___ SOURCE MATERIAL ___

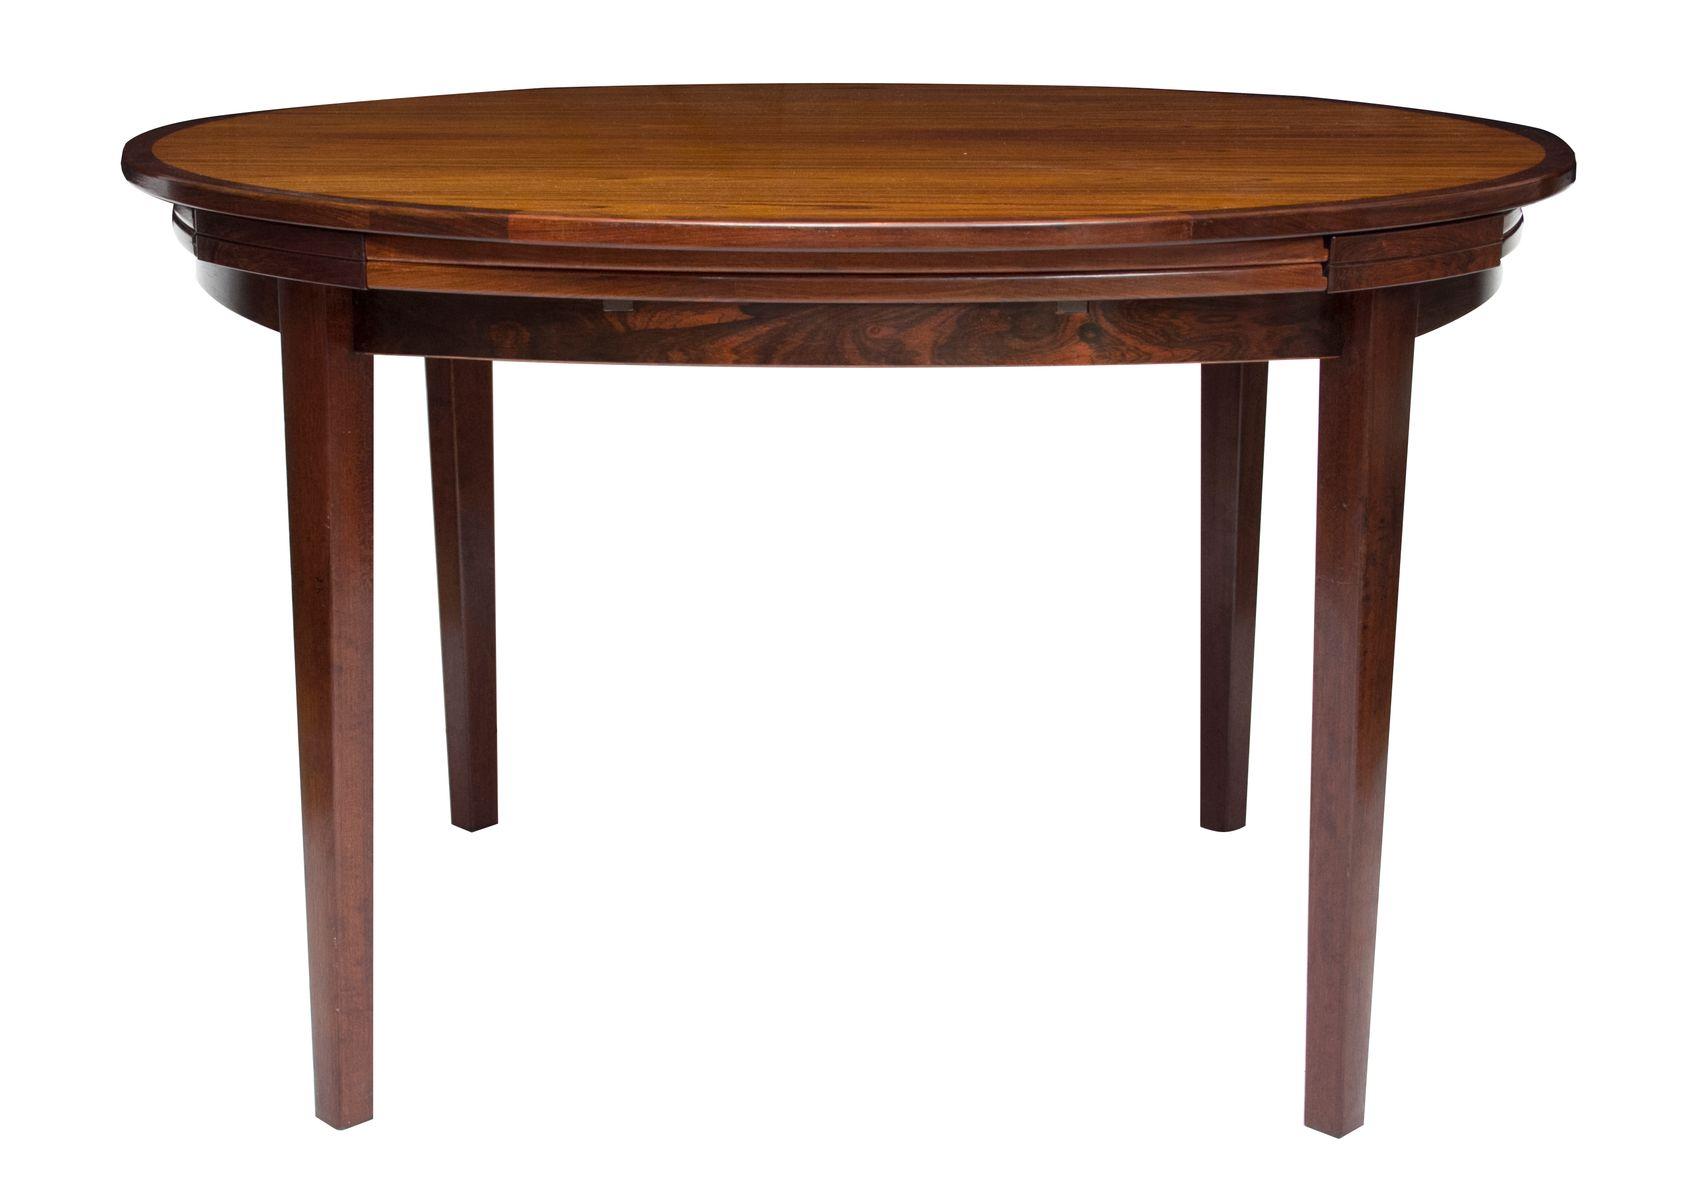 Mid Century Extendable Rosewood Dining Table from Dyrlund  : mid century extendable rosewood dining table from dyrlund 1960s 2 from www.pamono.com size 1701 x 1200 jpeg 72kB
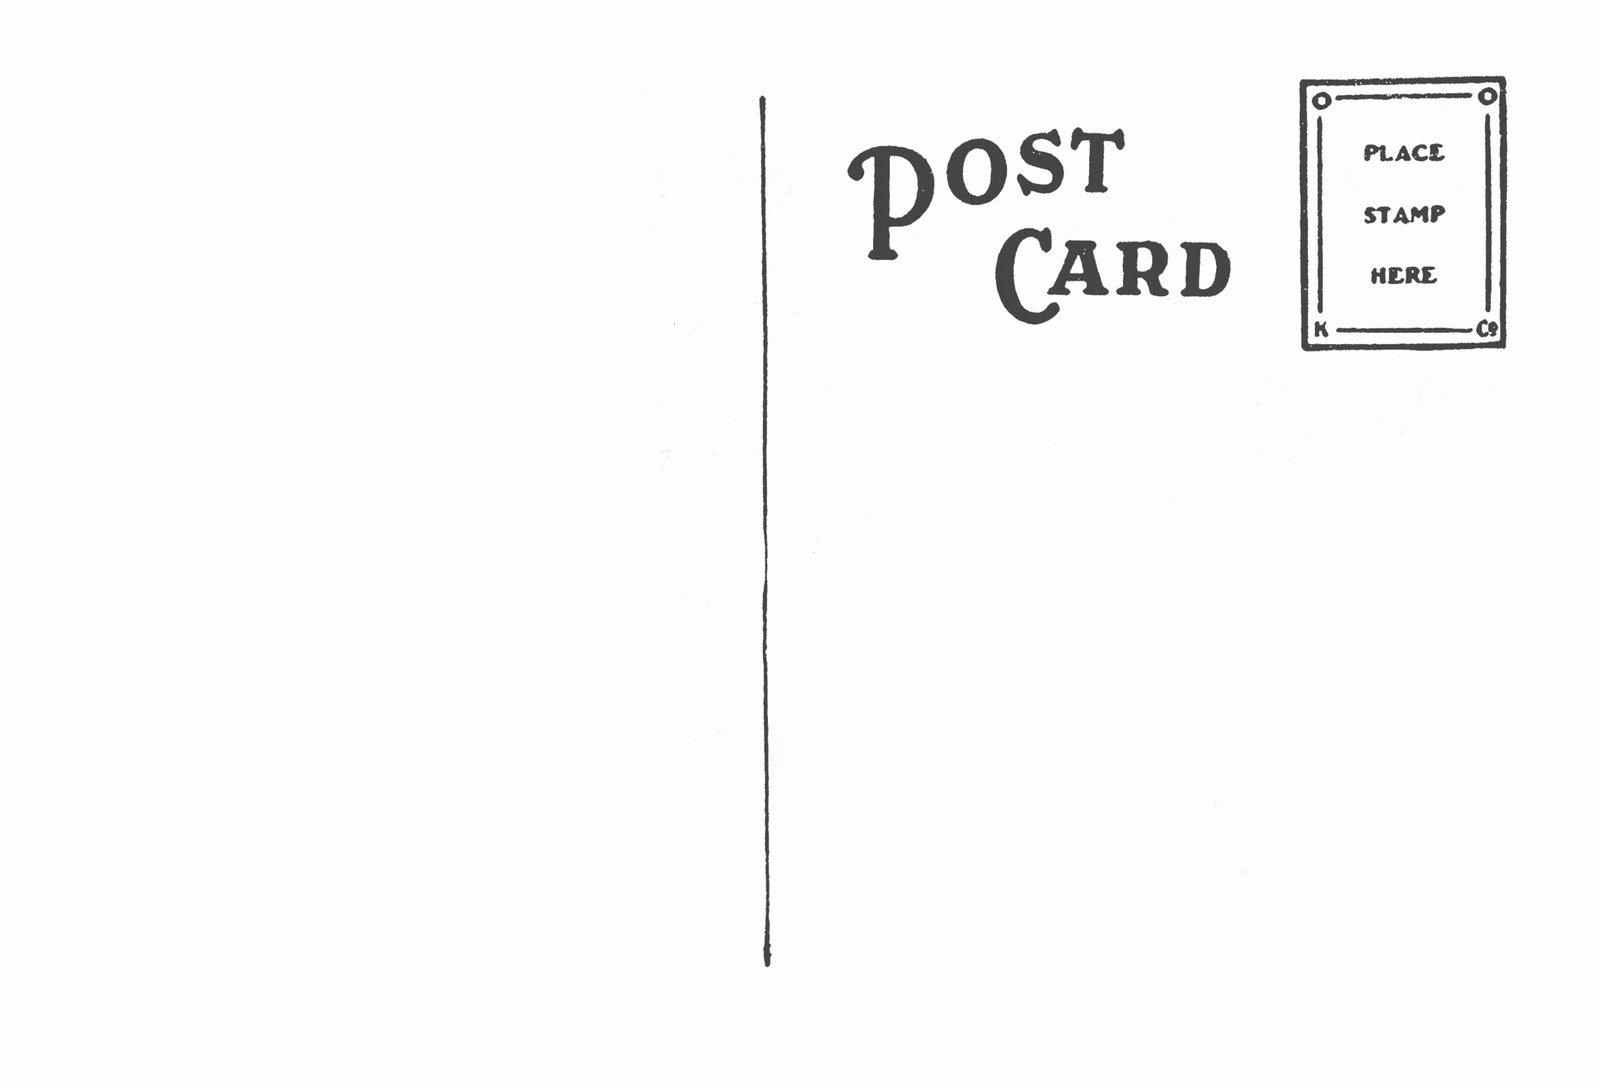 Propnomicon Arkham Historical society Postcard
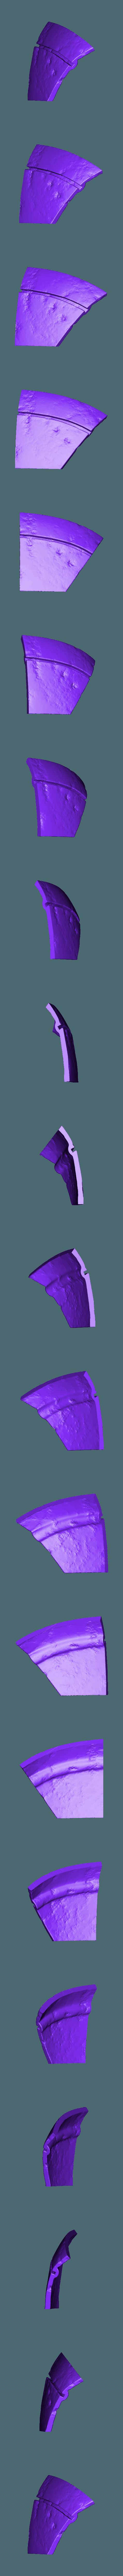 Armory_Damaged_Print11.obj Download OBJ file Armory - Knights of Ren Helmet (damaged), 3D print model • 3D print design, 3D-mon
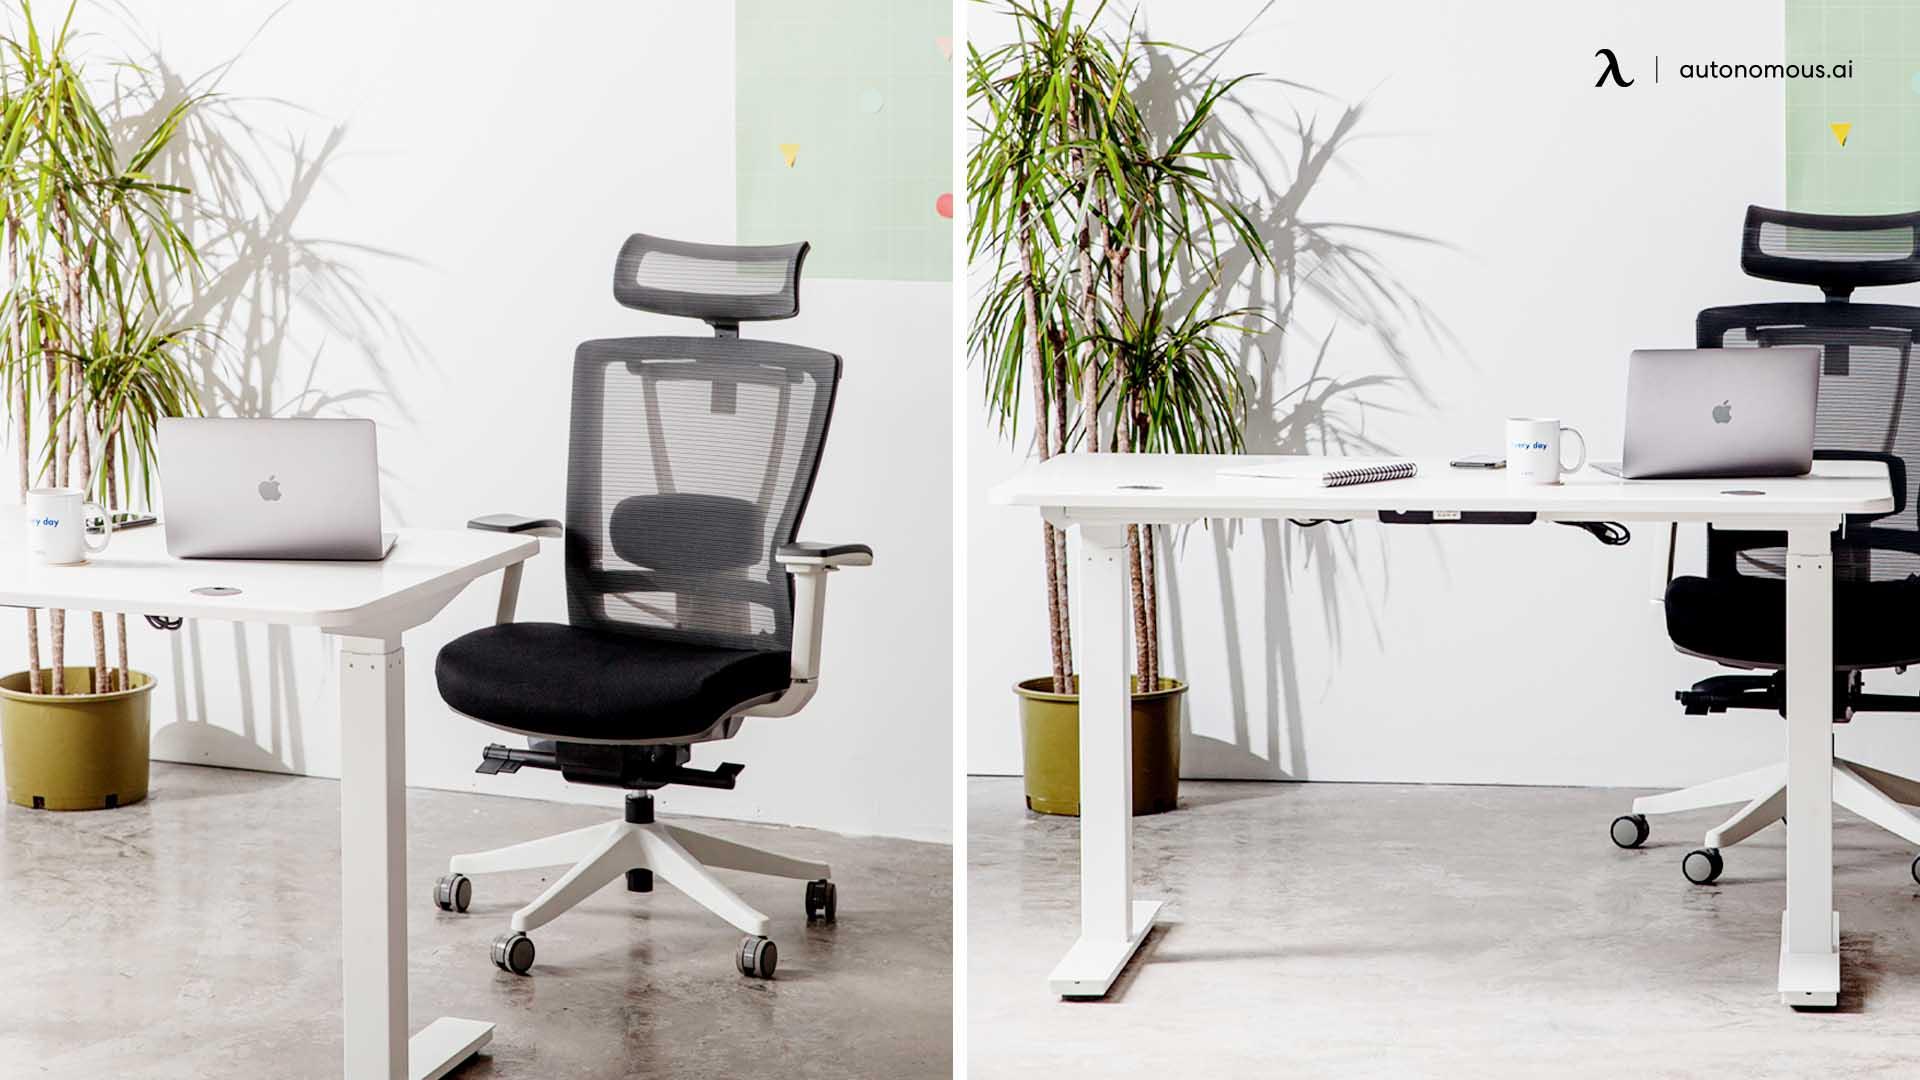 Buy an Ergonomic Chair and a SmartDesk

___

Would you set down each line of the listing above exactly, apart from the pictures?

 Mid Century Extendable Rosewood Dining Table from Dyrlund  : mid century extendable rosewood dining table from dyrlund 1960s 2 from www.pamono.com size 1701 x 1200 jpeg 72kB
 Propnomicon Arkham Historical society Postcard
 Armory_Damaged_Print11.obj Download OBJ file Armory - Knights of Ren Helmet (damaged), 3D print model • 3D print design, 3D-mon
 Buy an Ergonomic Chair and a SmartDesk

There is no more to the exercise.